Figure 2: With a dial setting of 200°C, the actual air temperature was 3°C too low in Air fryer 7 and 39°C too low in Air fryer 9

To achieve an actual air temperature of 180°C

  • To achieve an actual air temperature of 180°C (+/- 5°C), the dial settings ranged from 183°C to 220°C.
  • All air fryers achieved a lower air temperature than that stated on the dial setting, ranging from 4°C too low and 57°C too low.
  • Air fryer 6 was set to a dial temperature of 220°C, however this only achieved an average air temperature of 163°C, that is to say 57°C lower than the dial setting.

Variation in the time taken to achieve a safe cook on the same product

Model food cook time

Model Sausage - (actual calibrated air fryer air temperature of 180°C, where possible) – 10 to 12 minutes across the ten air fryers to achieve 70°C, with Air fryer 9 taking the longest time.

Model Sausage - (dial set to 180°C) – 9 to 12 minutes across the ten air fryers to achieve 70°C.

Real food cook time

Frozen Burger (actual calibrated air fryer air temperature of 180°C, where possible) – 17 to 25 minutes across the ten air fryers to achieve a minimum temperature of 70°C and an equivalent process of 70°C for two minutes, with Air fryers 2 and 3 taking the longest times. See figure 3.

air fryer graph - Image 3

Figure 3: Air fryer 7 took approximately 17 minutes to deliver a cook equivalent to 70°C for two minutes to the frozen burger, whereas Air fryer 2 took approximately 25 minutes

For the frozen burger trials, out of the ten air fryers used, the longest time taken to reach a thermal process of 70°C for two minutes and a final minimum temperature of 70°C was by Air fryer 2 and Air fryer 3, both taking 25 minutes. Faster heating air fryers (Air fryers 6 and 7) took only 17 minutes to achieve this thermal process. If the shortest cook time of 17 minutes was used in the slower heating air fryers (Air fryers 2 and 3) it would have given final minimum temperatures of 45°C and 36°C.
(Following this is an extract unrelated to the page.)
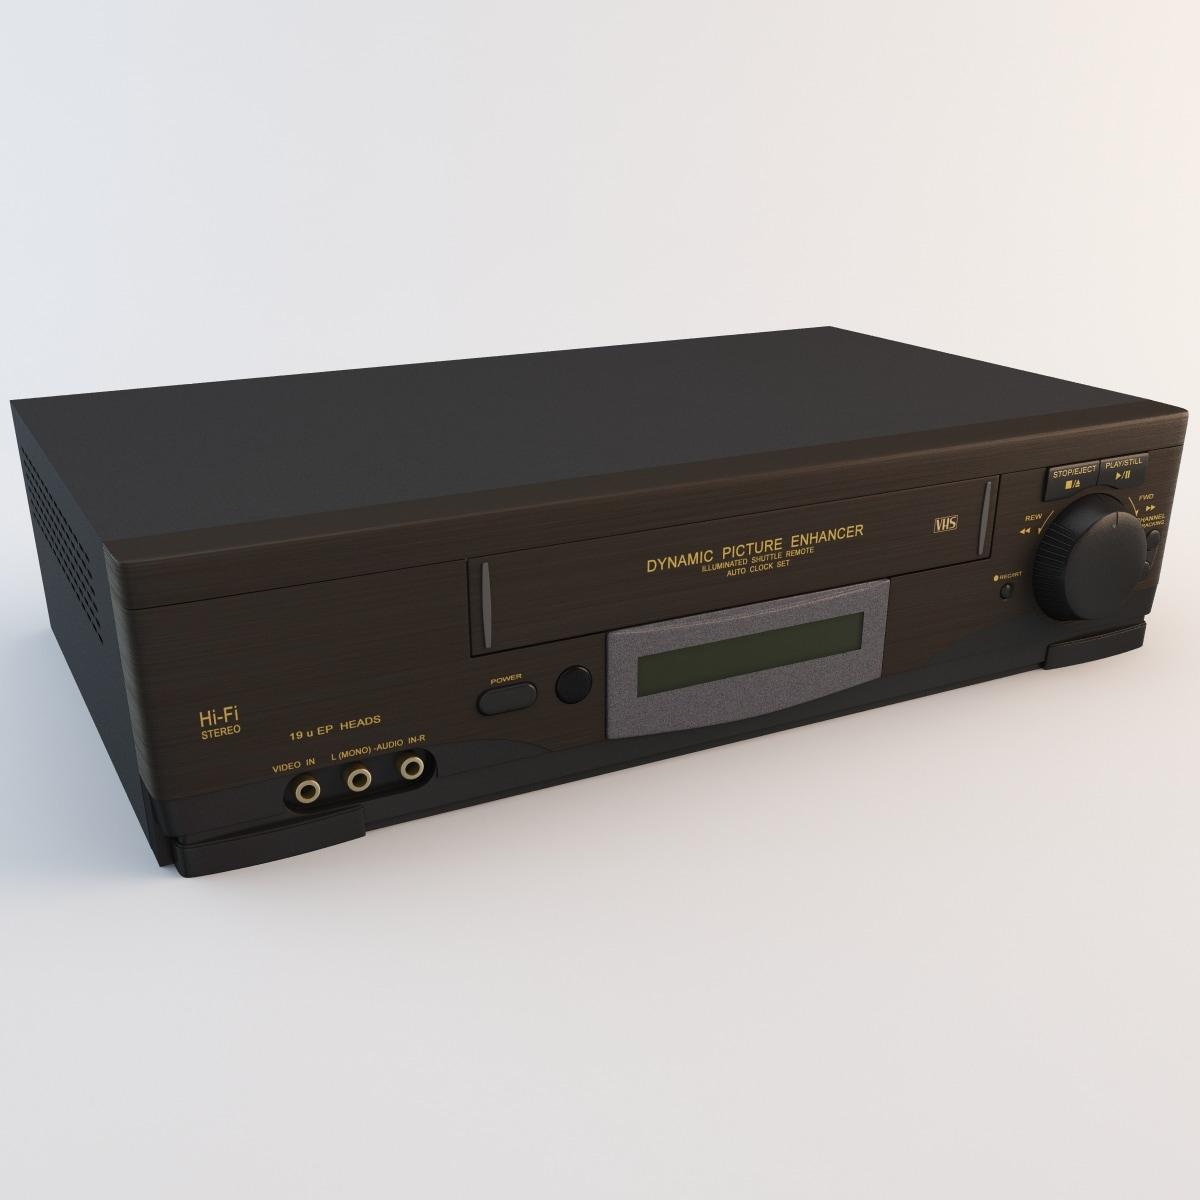 VHS_VCR_Player_005.jpg

Chilled Burger (actual calibrated air fryer air temperature of 180°C, where possible) – 13 to 17 minutes across the ten air fryers to achieve a minimum temperature of 70°C and an equivalent process of 70°C for two minutes, with Air fryers 2, 3 and 9 taking the longest times. See figure 4.

air fryer graph - Image 4

Figure 4: Air fryer 4 took approximately 13 minutes to deliver a cook equivalent to 70°C for two minutes to the chilled burger, whereas Air fryer 3 took approximately 17 minutes

For the chilled burger trials, the longest time taken to reach a thermal process of 70°C for two minutes and a final minimum temperature of 70°C was by Air fryers 2, 3 and 9, all taking 17 minutes. Faster heating air fryers (Air fryers 4, 5, 6 and 7) took only 13 minutes to achieve this. If the shortest cook time of 13 minutes was used in the slower heating air fryers it would have given final minimum temperatures of 62°C, 59°C and 36°C.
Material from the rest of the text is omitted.